All that we have to bear in mind is what the Supreme Court said in its judgment on what the limit on the power to prorogue would be:
“A decision to prorogue Parliament (or to advise the monarch to prorogue Parliament) will be unlawful if the prorogation has the effect of frustrating or preventing, without reasonable justification, the ability of Parliament to carry out its constitutional functions as a legislature and as the body responsible for the supervision of the executive. In such a situation the court will intervene if the effect is sufficiently serious to justify such an exceptional course.”
So everyone who votes against my motion, or against my new clause later if we are able to reach it, will be saying, basically, “Yes, courts, carry on. That is exactly what you should do. You should consider these matters. You should decide at every Prorogation whether the Government are acting lawfully or not.”
I thought that the hon. Gentleman was getting towards the end, so I wanted to ask him to clarify something. Did I understand him correctly to say that if those on the Government Benches vote against his having the opportunity to put forward the new clause, they will be voting in favour of continued judicial scrutiny of Prorogations? Does that not rather go against the normal pattern on the Conservative Benches, which is to vote against judicial scrutiny in this Parliament? I doff my cap to the hon. Gentleman for being so smart!
I would not bother with that.
The hon. and learned Lady is absolutely right. This is the irony—or the hypocrisy—of the Government’s position. [Interruption.] I said “of the Government’s position”; I am being very careful.
I find it incomprehensible that the Government would not want to proceed in the direction of my new clause. It is the simplest way of making sure that Prorogation is a proceeding in Parliament, and there would be no need for the ouster clause in the Bill, which many people have suggested to us is unlikely to work and is a nugatory piece of legislation.
We should also bear in mind that the Commonwealth has shown us plenty of examples of Prorogation being fiercely contested. In Australia in 1975, the Governor-General, John Kerr, removed the Labor Prime Minister, Gough Whitlam, and then prorogued Parliament before the House of Representatives, which was controlled by the Labor party, could pass a motion of no confidence in Malcolm Fraser. That was a deliberate use of the Prorogation process to prevent proper scrutiny. In Canada in 2008, the Conservative Prime Minister of a minority Government, Stephen Harper, ordered a Prorogation to avoid a no confidence motion in himself—yet another example of the use of a process which I think is a means of trying to prevent proper parliamentary scrutiny.
One of the ironies of the situation that we have in the British constitution is that if the Bill goes forward as the Government plan and without the measure relating to Prorogation, there will be no real requirement that Parliament should ever sit. The Meeting of Parliament Act 1694 says that we should have Parliaments every three years; that is all that we would be relying on as a legislative means.
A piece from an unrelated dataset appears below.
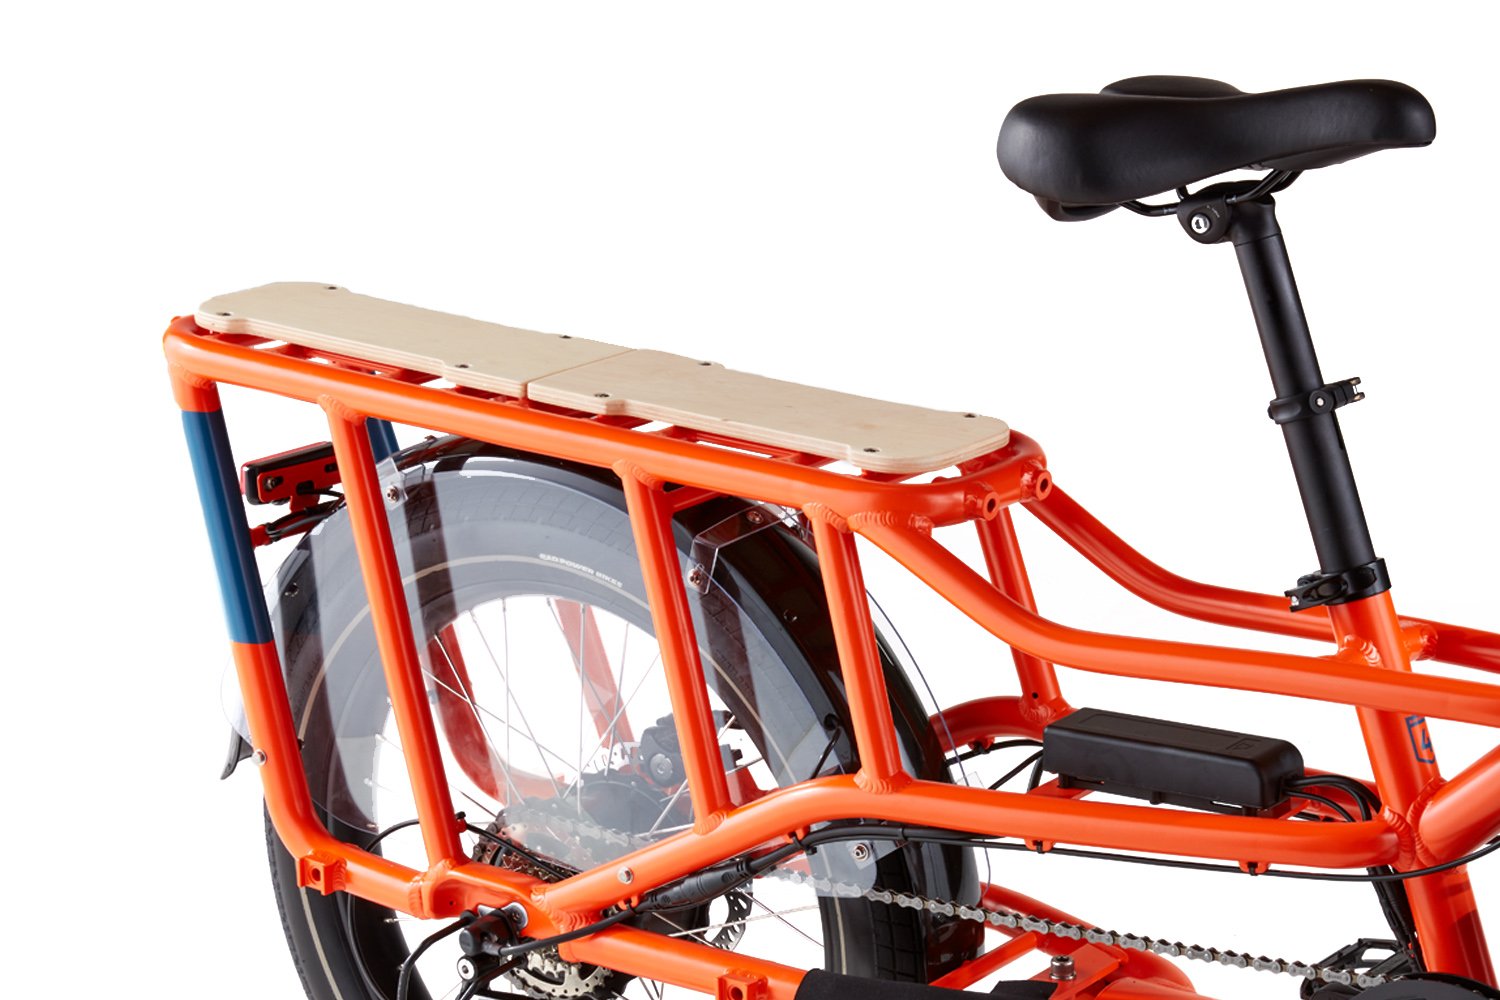 electric bike with wagon

It is true that the Bill of Rights requires taxation to be subject to Parliament’s sitting, and also requires that a standing Army must be endorsed every five years. However, the Supreme Court made the very good point that these practical considerations are scant reassurance, because Parliament could just sit very briefly to deal with those matters.
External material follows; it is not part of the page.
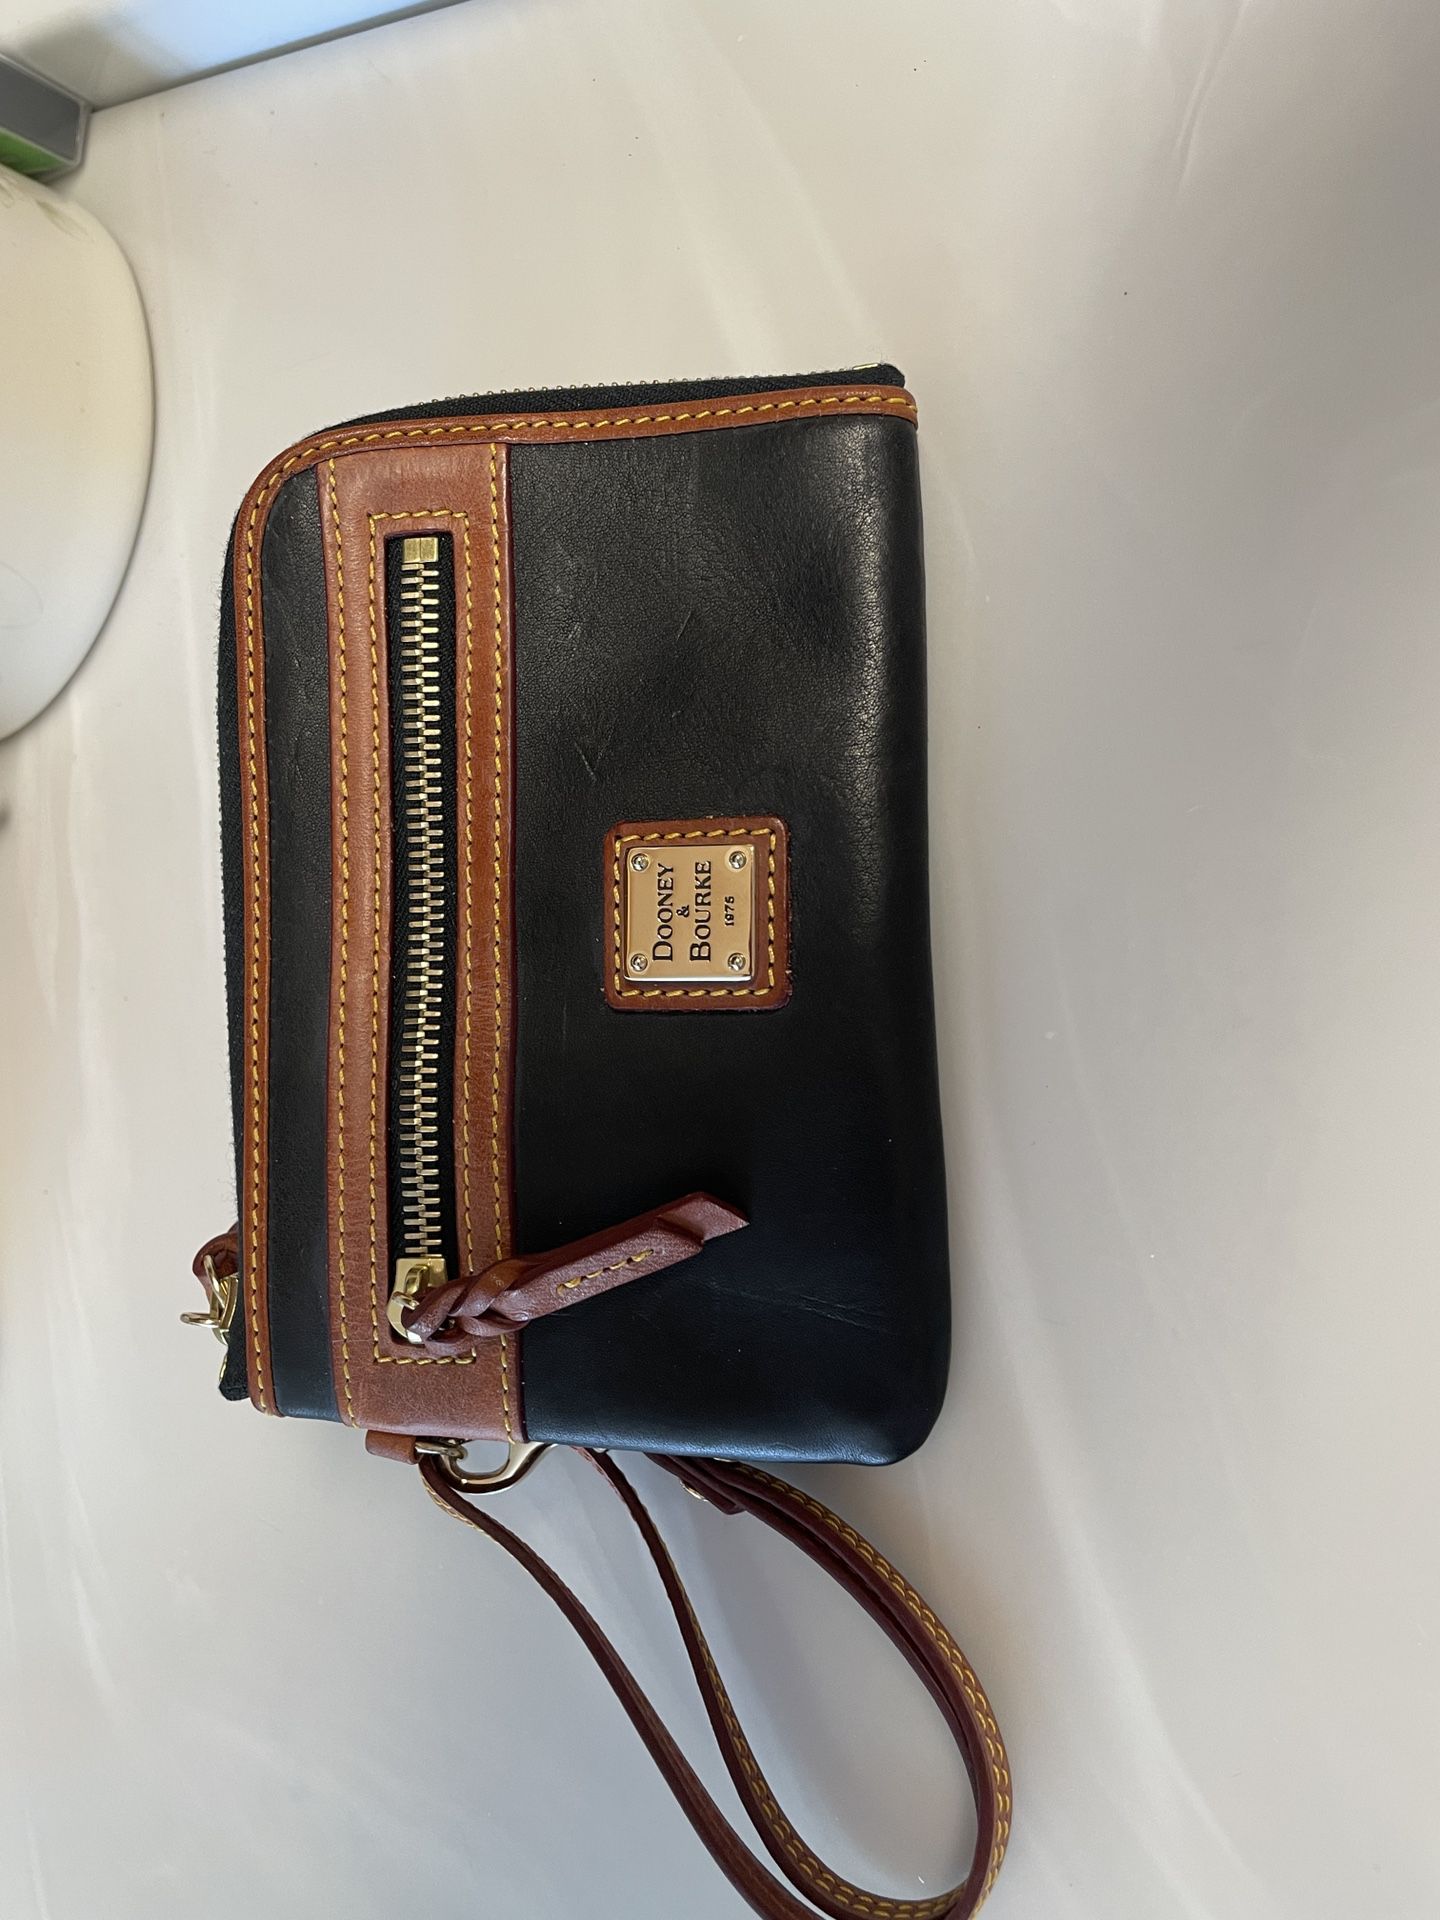 Dooney and Bourke wristlet/clutch purse

In short, Madam Deputy Speaker—or “in long”, actually—my point is simple: the best way to ensure that Prorogation is not abused by the Executive, and to ensure that the courts do not interfere in political processes that should remain within the political sphere, is to ensure that there is a vote in Parliament before Prorogation. The only way we can have that vote in Parliament before Prorogation is to debate it later today, and the only way we can do that is to vote in favour of my motion of instruction.